Friday, December 17, 2010

Lighthouse Lasagna

This delicious dinner started making its way around an online mom's group I frequent, and I added it to my menu as soon as I saw it. This faux lasagna might not be the best weekday meal due to the simmering and baking time, but it's perfect if you can prep it ahead of time or wait until the weekend. It's easy and delicious, and it feeds an army - it fed my family of four plus gave me lunch for a couple of days.


Lighthouse Lasagna
  • 1 pound ground meat
  • 1 small can tomato paste
  • 1 (8-ounce) can tomato sauce
  • 1 teaspoon sugar
  • Coarse salt
  • 12 ounces egg noodles
  • 1 tablespoon unsalted butter
  • 1 1/2 cup sour cream
  • 5 ounces cream cheese, at room temperature
  • 1 bunch scallions, finely chopped
  • 8 ounces shredded mozzarella cheese

Heat the oven to 350 degrees.

Sauté the meat until lightly browned in a large skillet over medium heat, breaking it up as it cooks. Add the tomato paste, tomato sauce, and sugar. (Next time I will add salt too) Fill the tomato paste can with water and stir it in. Simmer, covered, for 15 to 20 minutes.

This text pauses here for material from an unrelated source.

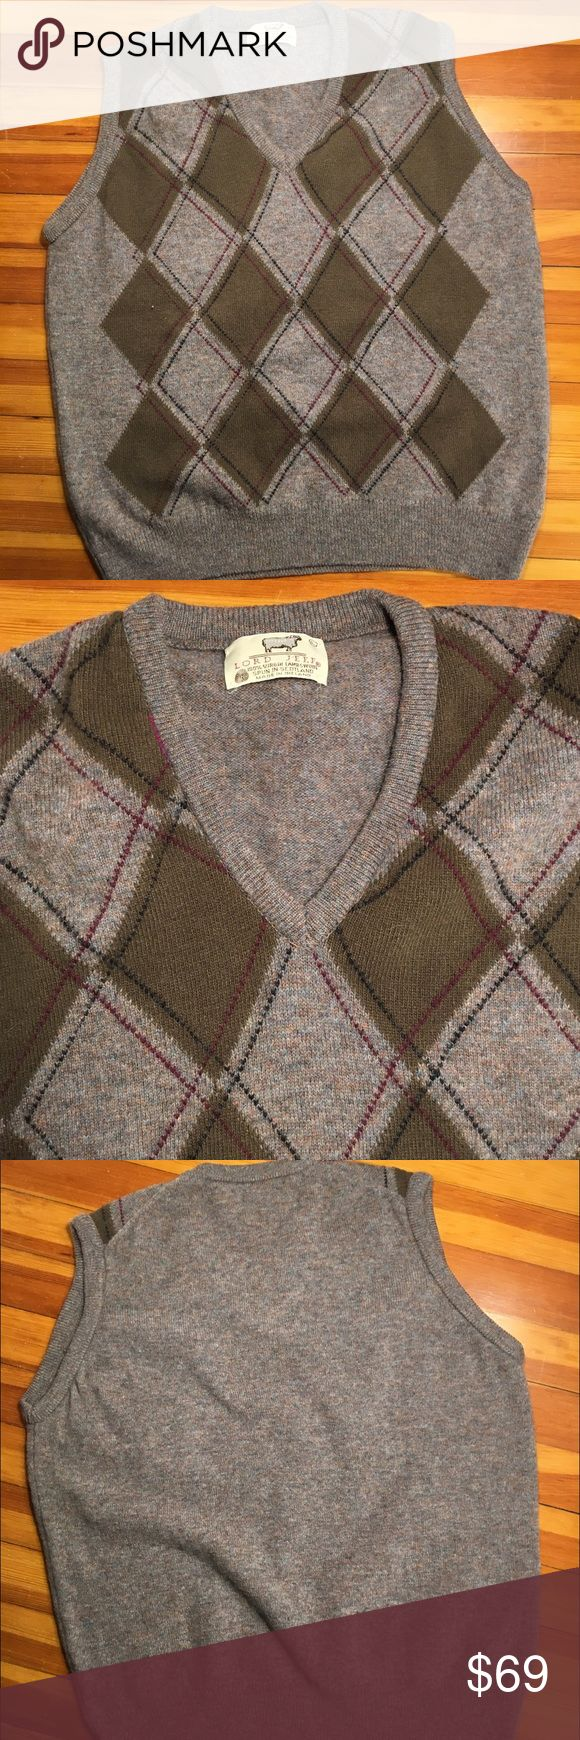 Lord Jeff 100% Virgin Lambswool Sweater Vest Vintage Men's Large Lord Jeff 100% Virgin Lambswool Argyle Sweater Vest in like new condition. Lord Jeff Sweaters V-Neck

Fill a large pot with water, salt it, and bring it to a boil. Add the egg
noodles and cook them until tender. Drain the noodles, then return them to the pot. Stir in the butter.

Mix the sour cream, cream cheese, and scallions in a small ­bowl. Make two layers of the ingredients in a large casserole dish, as follows: Spread a little sauce over the bottom of the dish, top with a layer of noodles, then spread half of the sour cream mixture and half of the meat sauce. Repeat these steps. Top the lasagna with the sliced cheddar.

Bake for 45 to 50 minutes (I only baked it for 30 mins), until the lasagna mixture is bubbly and the cheese is lightly browned.